Discussion
In both La Lopé and Rabai, our study found that mosquito larval breeding sites in the forest and villages (including peridomestic and domestic sites) had different physical and biological characteristics, though this between-habitat contrast varies among variables. Notably, bacterial community composition showed clear and consistent difference between habitats in both localities. Despite this environmental difference, behavioral investigations suggested that Ae. aegypti in the forest readily accepted artificial containers as oviposition and larval breeding sites. Aedes aegypti colonies derived from the forest and villages also showed similar weak oviposition preferences in the lab. These results are consistent with the hypothesis that Ae. aegypti are generalists in larval breeding site choice.
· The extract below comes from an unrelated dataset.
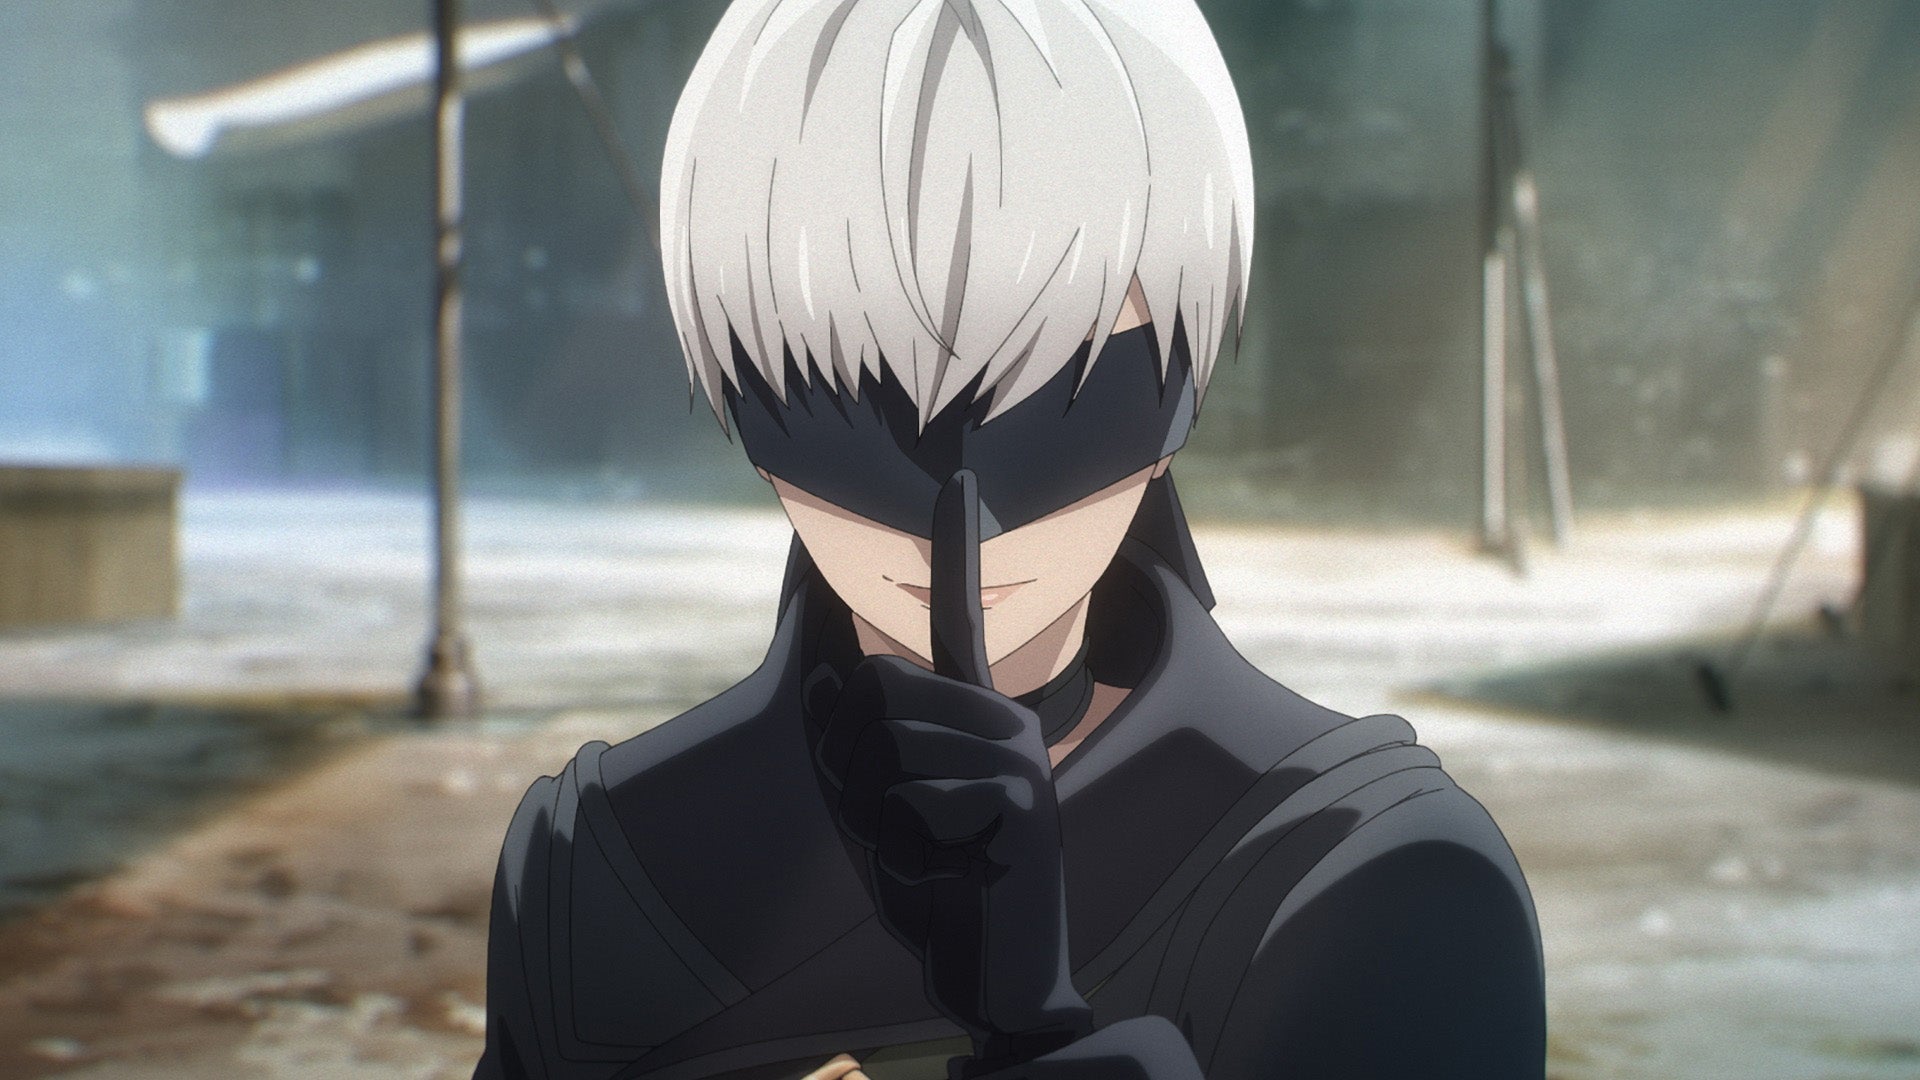 Image for Nier: Automata Ver1.1a anime adaptation pauses production indefinitely

This hypothesis was also supported by the indistinguishable conditions between Ae. aegypti present and absent larval breeding sites within each habitat, suggesting that the mosquitoes were likely not selective and can accept a wide range of larval habitats. Lastly, oviposition choices in the laboratory were highly heterogeneous, consistent with a lack of strong preference.
Being versatile in larval habitat allows Ae. aegypti to take advantage of novel artificial containers when natural breeding sites are scarce. This has been proposed as a key driver for this mosquito to move into domestic habitats in the first place (Brown et al., 2014; Powell et al., 2018; Rose et al., 2020). Consistent with this hypothesis, movement between habitats was suggested by genetic studies showing little genetic differentiation between forest and village Ae. aegyptipopulations in La Lopé and Rabai (Kotsakiozi et al., 2018; Paupy et al., 2014; Rose et al., 2020; Xia et al., 2020). It should be noted that this genetic similarity in Rabai, as well as the lack of behavioral difference observed in this study and Rose et al. 2020, contrasts to studies in the 1970s and 2009 where Rabai forest and village Ae. aegypti showed significant genetic differences, feeding preference difference, and ovipositional difference (Brown et al., 2011; McBride et al., 2014; Petersen, 1977; Tabachnick et al., 1979). These strong differences found before 2017 resulted from the introduction of non-African Aaa to Rabai villages (Brown et al., 2011; Gloria‐Soria et al., 2016). The exotic Aaa population was no longer found during our fieldwork in 2017, and the village mosquito population was likely originated from the local forest (i.e.,Aaf ).
Once the mosquito established themselves in the novel habitat (likely moving from forest to domestic habitat), ecological divergence could take place. However, this study was unable to detect evidence of consistent ovipositional divergence by the laboratory oviposition experiments. One possibility is that the habitat shifts in La Lopé and Rabai happened recently and that the extensive connectivity in the local scale between habitats may hinder phenotypic divergence. Between more distant localities when gene flow is less frequent, there may be more differences between mosquitoes from different habitats or places with different human population density, as found for host preference (Rose et al., 2020). A third possibility is that ecological divergence may happen in the immature stages, e.g., egg, larvae, and pupae (Saul et al., 1980). This study did not examine larval performance, but future investigations comparing eggs hatching and larval development in different water conditions that mimic either forest or village larval breeding sites could be insightful in this regard. For example, microbial density was significantly lower in Rabai domestic containers, which might pose selection pressure on larval starvation resistance (Barrera & Medialdea, 1996; Souza et al., 2019), leading to higher resistance in the domestic population.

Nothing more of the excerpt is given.